Fill up on high-carb options like pastries and Prime Boosts soda all day and you'll definitely "bulk up" if you're doing a lot of resistance training. However, Prime Boosts you're likely to gain a lot of fat as well as well muscle. That muscle will be tucked away underneath a blanket of subcutaneous fat that can make you look pudgy instead of ripped. Eat a cupcake and you'll get 200 or more calories but little in the way of nutrients. By contrast, half an avocado and two large eggs can deliver a similar number of calories with the building blocks your body needs to go to work building lean muscle mass. Don't believe myths that say low-carb dieting will cause you to lose muscle. As you lose body fat over your muscles, they may initially appear to be smaller. Also, as the glycogen in your muscles gets depleted, the water stored along with it also disappears, making muscles seem smaller.



No worries, though; as your body adjusts to a low-carb diet, it replaces the glycogen and the water in the muscle from other sources and the muscles regain their original size.2 to 1.7 grams of protein per kilogram (2.2 pounds) of body weight to start building muscle on a low-carb diet advises Diet Doctor. A 170-pound person would need 92 to 130 grams of protein daily. Shoot for at least 20 grams of protein at every meal, centering the fare around high-protein choices like salmon (31.5 grams per 5 ounces), chicken (31.5 grams in 6 ounces) or eggs (approximately 6.3 grams per large egg). Bump up the protein count with protein-rich flavorings such as cacao at 27 grams of muscle-building macro per 100 grams or hard, yellow cheeses such as Parmesan cheese at 9 grams per ounce.5 grams is average, those recovering from injury could benefit from higher levels of protein, such as 2 grams of protein per kilogram of body weight.

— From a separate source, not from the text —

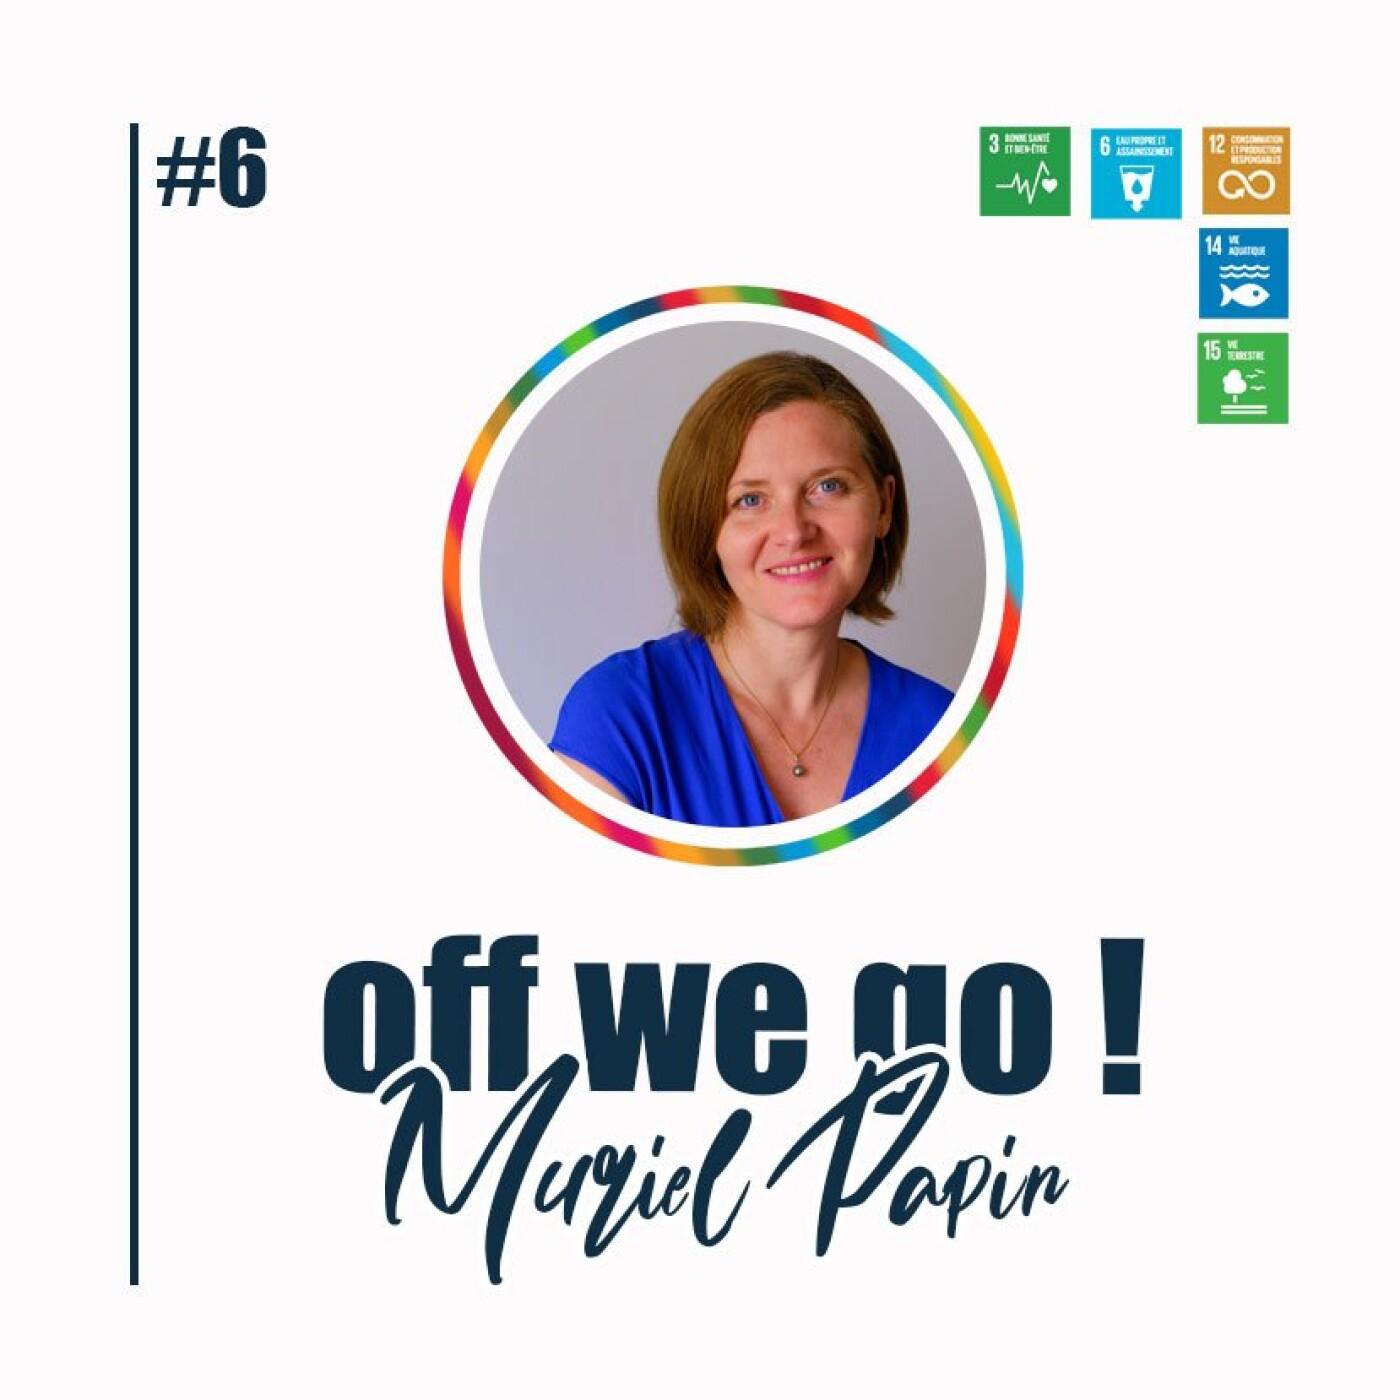 Lutter contre la pollution plastique pour ne pas laisser une dette environnementale à nos enfants - Muriel Papin (No Plastic In My See)
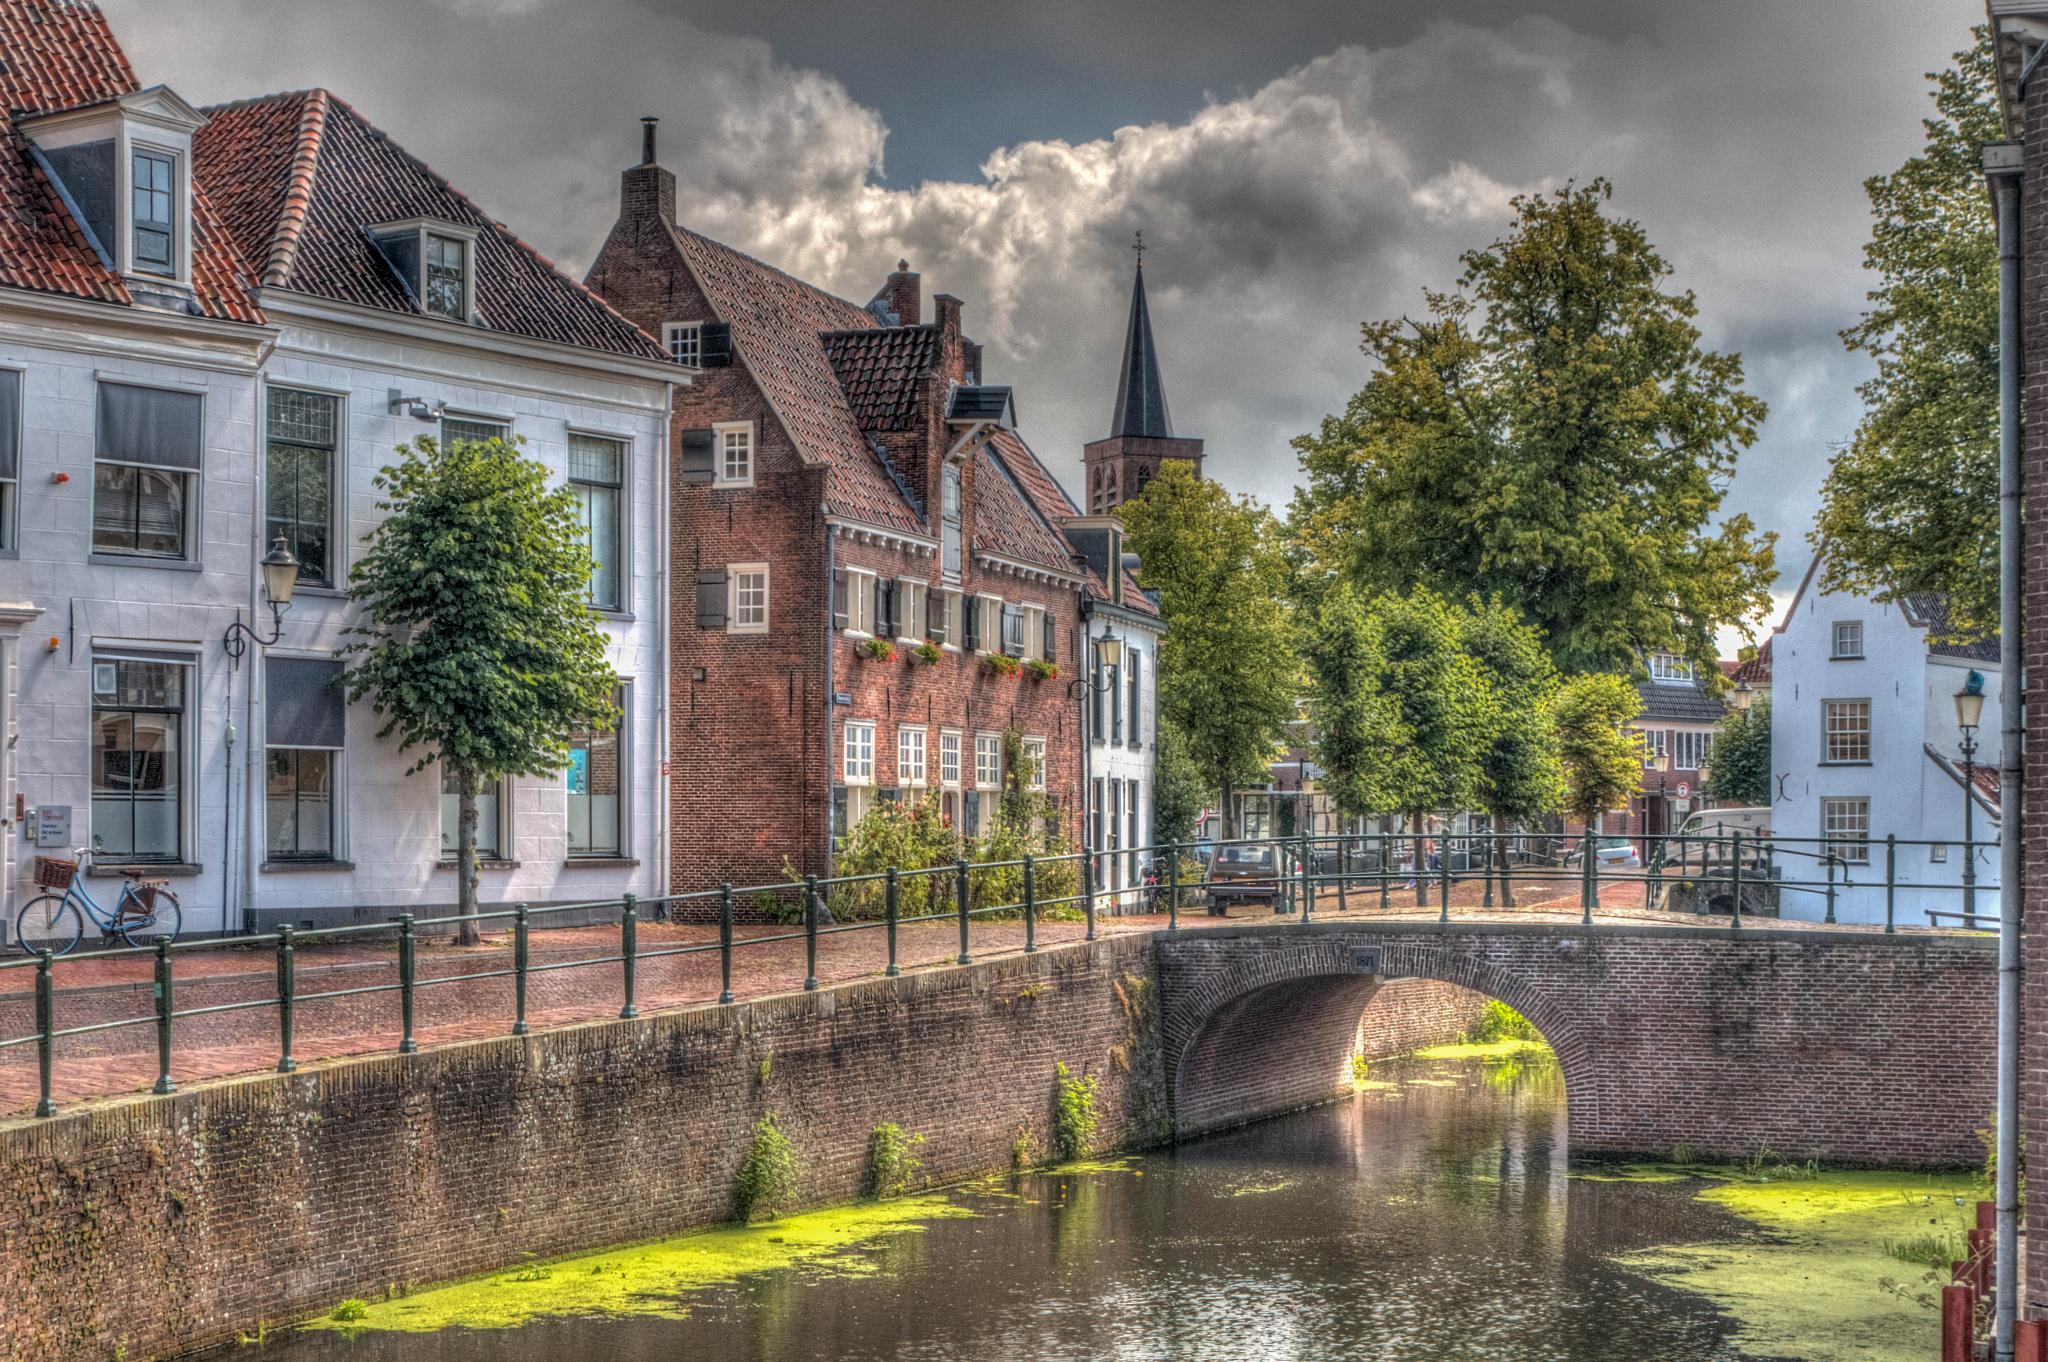 Old Centre of Amersfoort by Herman de Raaf

Eating a low-carb diet for muscle gain will make you feel more satiated with lower calories, providing you focus on getting enough fiber, protein and fats. Count your protein macros carefully to make sure you're getting enough to replenish the muscle you break down in your workouts. Failure to do so will prevent the muscle development you're hoping for. Although some ketogenic dieters worry that it will knock them out of ketosis, this is extremely unlikely for those focused on building muscle through intense workouts. Getting a little too much protein on a low-carb diet can actually help the body as well. Any extra protein converted to glucose helps fuel the brain and the muscles. Sports nutritionist and exercise physiologist Ben Greenfield recommends no more than 1.54 grams of protein per kilogram of body weight combined with a diet rich in fats. In the example of a 170-pound person, that would mean eating just 119 grams of protein. Lower levels of carbs can help those dealing with cancer or other conditions that can be affected by getting too much protein, according to Diet Doctor.